My most satisfying outcome was making off with the Goblet of Yendor, after delivering a thunderclap to stun enemies for enough moves for me to get to the prize without having to spend extra time on killing them.
Possible stuff to change for future versions: Different music for each floor, and the ability to go the last saved game, even after one has been killed. If I die prior to the end, it's usually for a bonehead mistake, like failing to keep track of my own hit points while merrily swinging away at a crowd of monsters--particularly galling, when I've lucked into a lot of my favorite gear. (Then again, not being able to go back to that game serves me right for being boneheaded.)
In conclusion, it's one of my favorite time-killing games and thus deserving its five-star plaudit from me.

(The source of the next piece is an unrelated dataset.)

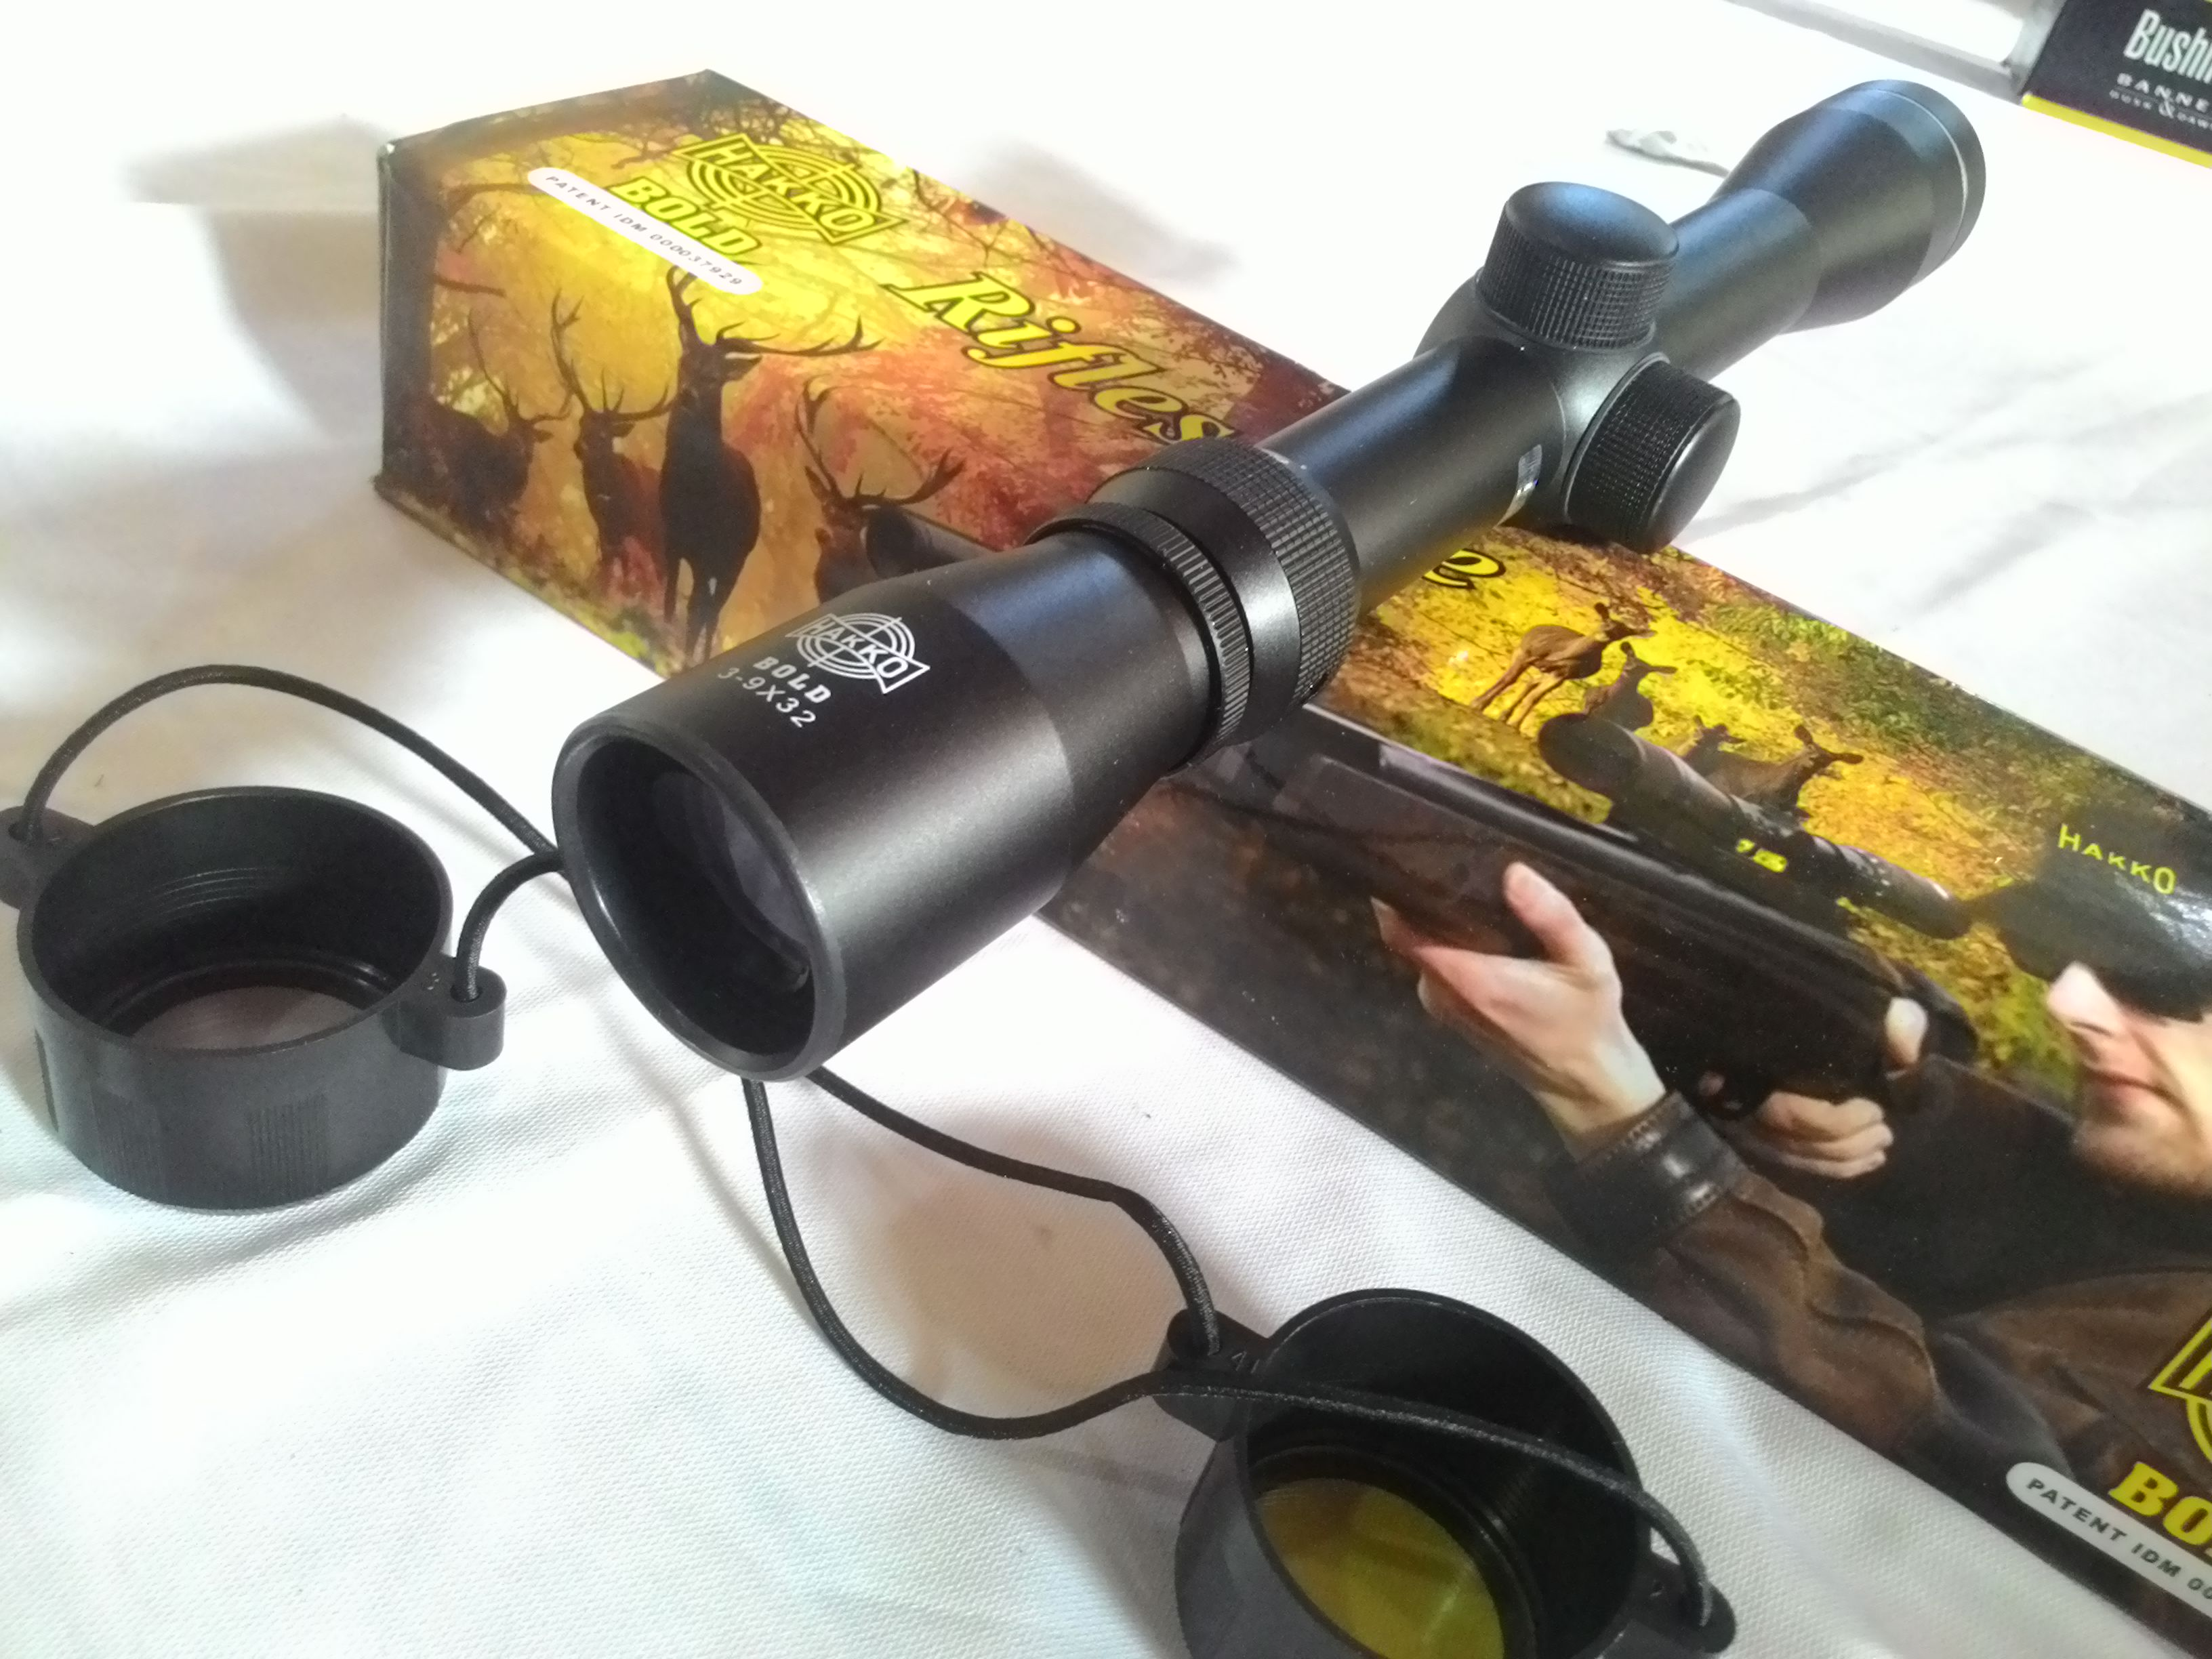 Teleskop senapan bekas dewi ger harga teleskop senapan angin

Simple, yet challenging; frustrating, at times, yet highly addictive, thanks to having only one life per game. Some others mentioned preferring that the ship maneuver via that arrow keys, but I like using just the mouse and needing only one hand to play this time-chewer. One thing I'd like to see in a subsequent version is the player's ship automatically firing without the player having to depress the mouse button, since there's no reason to hold one's fire in this game.
I managed to get all but two of the medals, and I don't imagine I'll ever score enough point to earn the "best-of-all-time" medal. I do wonder, though, when the "elite speed ship" is supposed to show up. As of this writing, I've managed to survive long enough to make it past 100,000 points and still didn't see it.
One of the most satisfying, time-killing games I've played. It's simple to operate, yet complex, in terms of determining where to aim to crush a castle and timing the launch to get that shot. It's also cool that players can make and submit their own castles for crushing by other players, and the physics of the pieces has also been well worked out. Well done!
What I like about this game: The smooth handling, easy to operate interface; the ability to set the difficulty level and number of enemy to kill; the simple but elegant visuals, both of the operating environments, ships and elements, which help retain my interest in playing. One can spend hours on this game without getting stressed out with a craft that's too fragile and crashes easily.
What I'd like to see in a future version: Clarification from the beginning of what the different keys represent, and a story version with a Boss character at the end of each stage. Also, the medals earned in this current version don't show up as total points on one's gaming profile, so that could be fixed.
This demo game is a good start. What I especially like about it, and why I'm giving it 3 stars--is the crazy background music, whose modernistic harmonies bring to mind the music of 20th Century composers, Paul Hindemith and Bela Bartok.